Data frame containing the variables to be used in SOM and clustering.

variables

Optional character vector of variable names. If NULL, numeric variables are auto-detected using SciDataReportR::getNumVars(df, Ordinal = FALSE). In ZScoreType = "PreZScored", this can also be NULL if you supply ZScoreVars or if Z-score columns can be auto-detected by prefix.

method

One of "exploratory" (default) or "finalize". In "exploratory", a grid of models is fit and AHP chooses the recommended solution. In "finalize", the user must specify final_k and final_model.

k_range

Integer vector of numbers of clusters/profiles to consider in exploratory mode. Default 2:15.

models

Integer vector of model specifications for tidyLPA (mclust backend). Default c(1, 2, 3).

final_k

Integer; number of profiles for method = "finalize".

final_model

Integer; model specification for method = "finalize" (should be one of models).

ClusterName

Name of the cluster column in the output. Defaults to "Cluster". If this column already exists in df, it is overwritten (with a message).

ZScoreType

One of:

  • "Center and Scale" (default)

  • "Center Only"

  • "Scale Only"

  • "ZScoreObj" (use an existing ZScore object)

  • "PreZScored" (use existing Z-score columns in df as-is)

ZScoreObject

Optional ZScoreObj (from CalcZScore() or Project_ZScore()) to use when ZScoreType = "ZScoreObj".

som_xdim, som_ydim

Optional integers for SOM grid dimensions.
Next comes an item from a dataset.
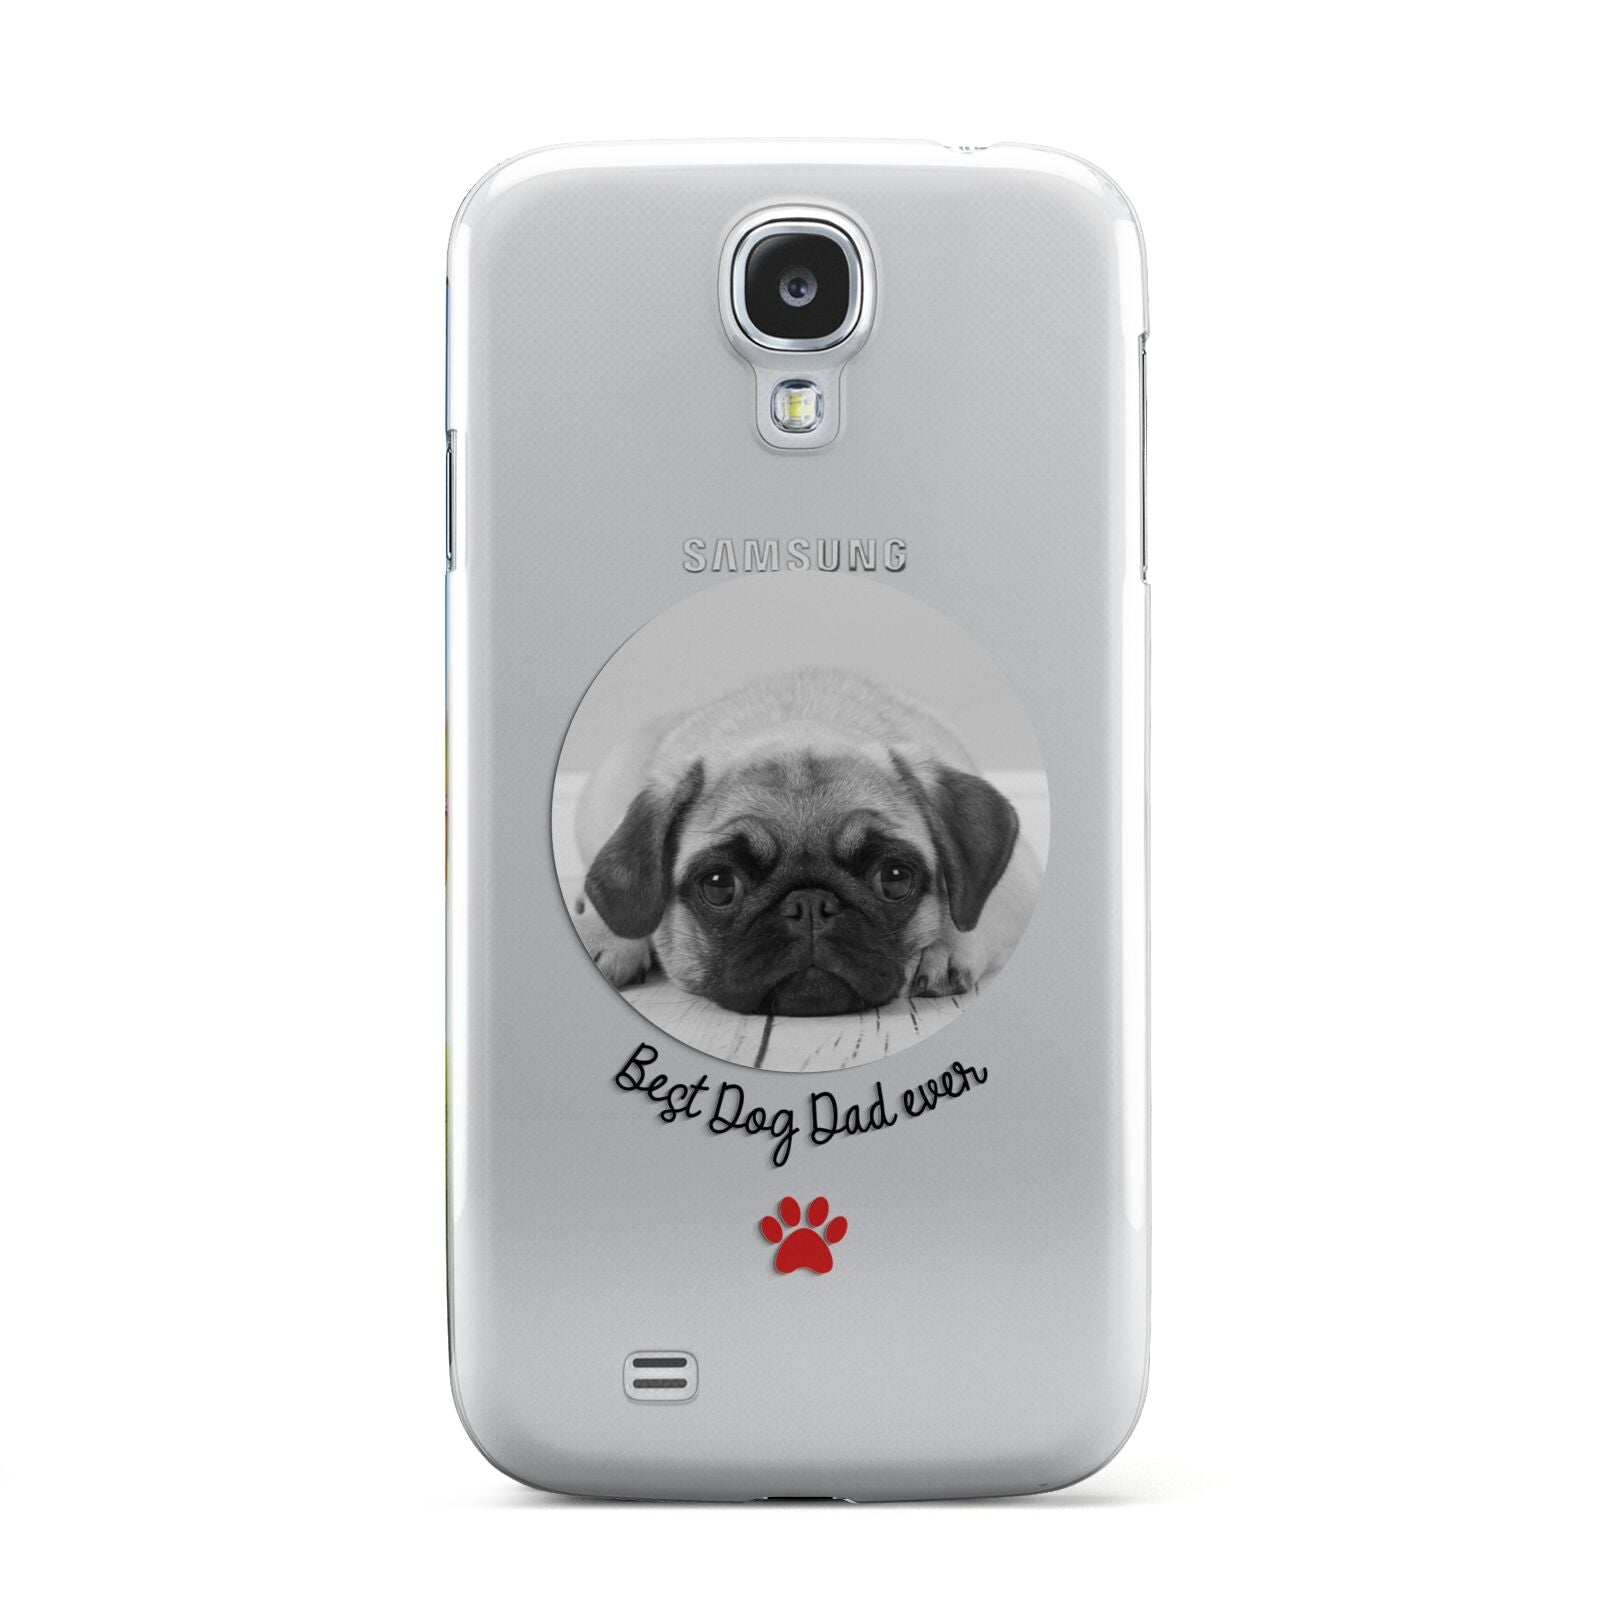 Best Dog Dad Ever Photo Upload Samsung Galaxy S4 Case
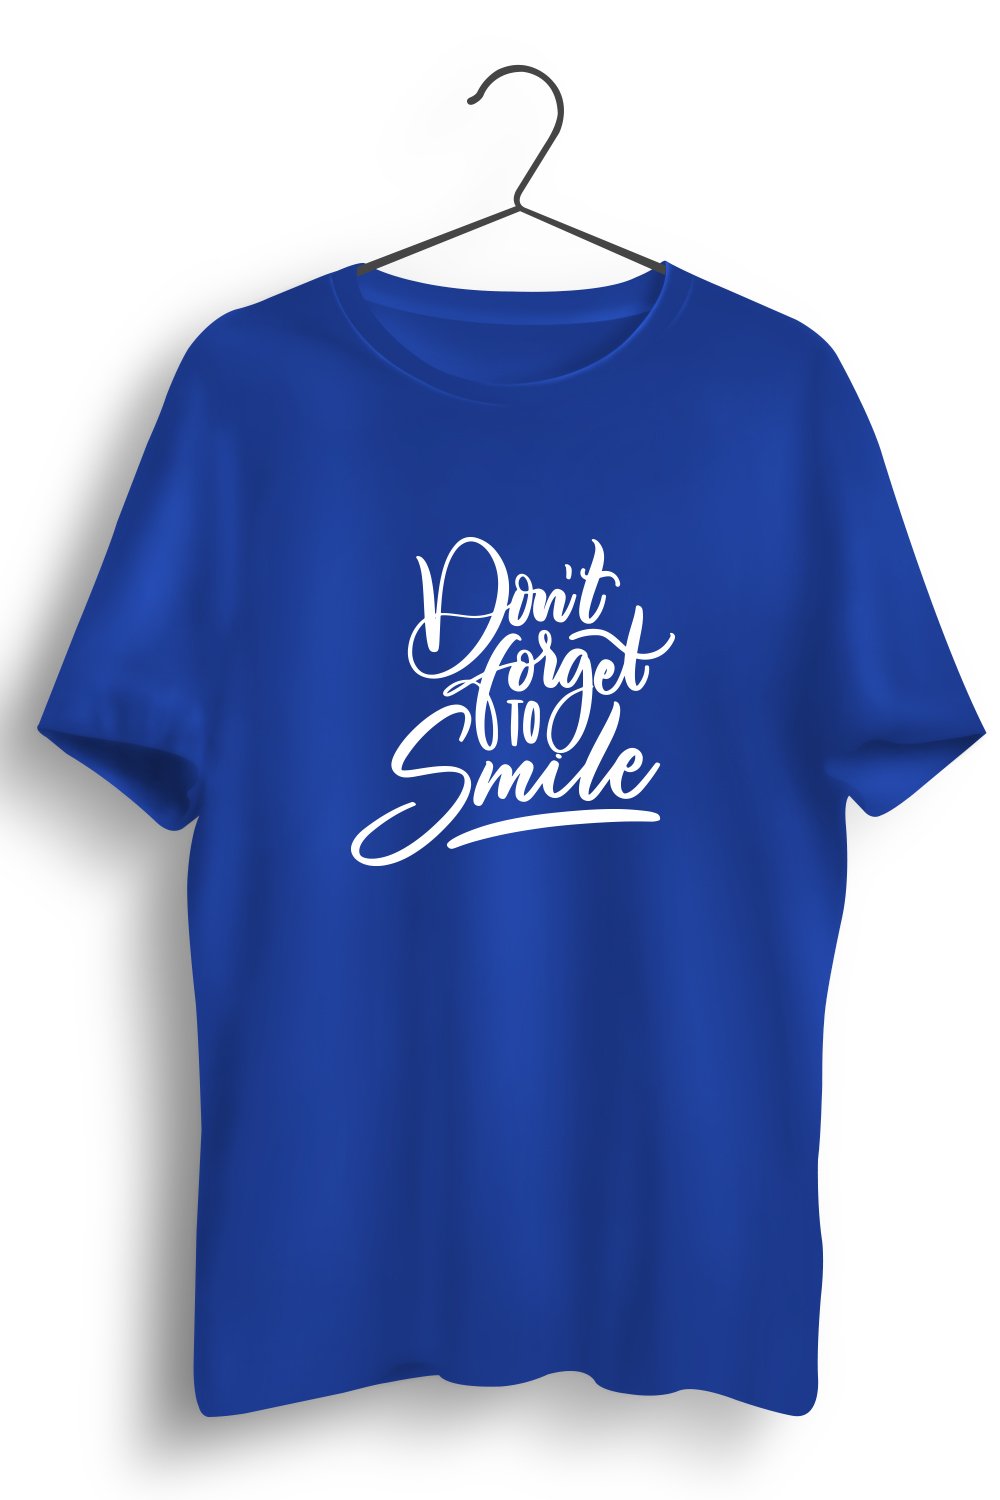 Smile Graphic Printed Blue Tshirt

If NULL, a square grid with side length ceiling(n_complete^(1/3)) is used.

som_topo

SOM topology for kohonen::somgrid(), default "hexagonal".

som_neigh

SOM neighbourhood function, default "gaussian".

seed_som, seed_lpa

Integer seeds for SOM and LPA steps (defaults 934521 and 93421).

Relabel

Logical; if TRUE (default), aweSOM plots are relabeled using variable labels from the original df (via Hmisc or sjlabelled when available) by stripping the Z-score prefix.

ZScorePrefix

Character prefix used for Z-score columns when ZScoreType = "PreZScored". Default "Z_".

ZScoreVars

Optional character vector of Z-score column names to use when ZScoreType = "PreZScored". If NULL, the function attempts to infer them from variables or by detecting columns starting with ZScorePrefix.

id_col

Optional character scalar. If provided and present in df, this column is carried into ProbFit$individual for convenience.

Value

A list of class "Pipeline_SOMClust" with components:

  • method, vars_used, ZScoreType, ZScoreObject, ZScoreVars, ClusterName

  • complete_rows: logical vector (rows used for SOM/LPA)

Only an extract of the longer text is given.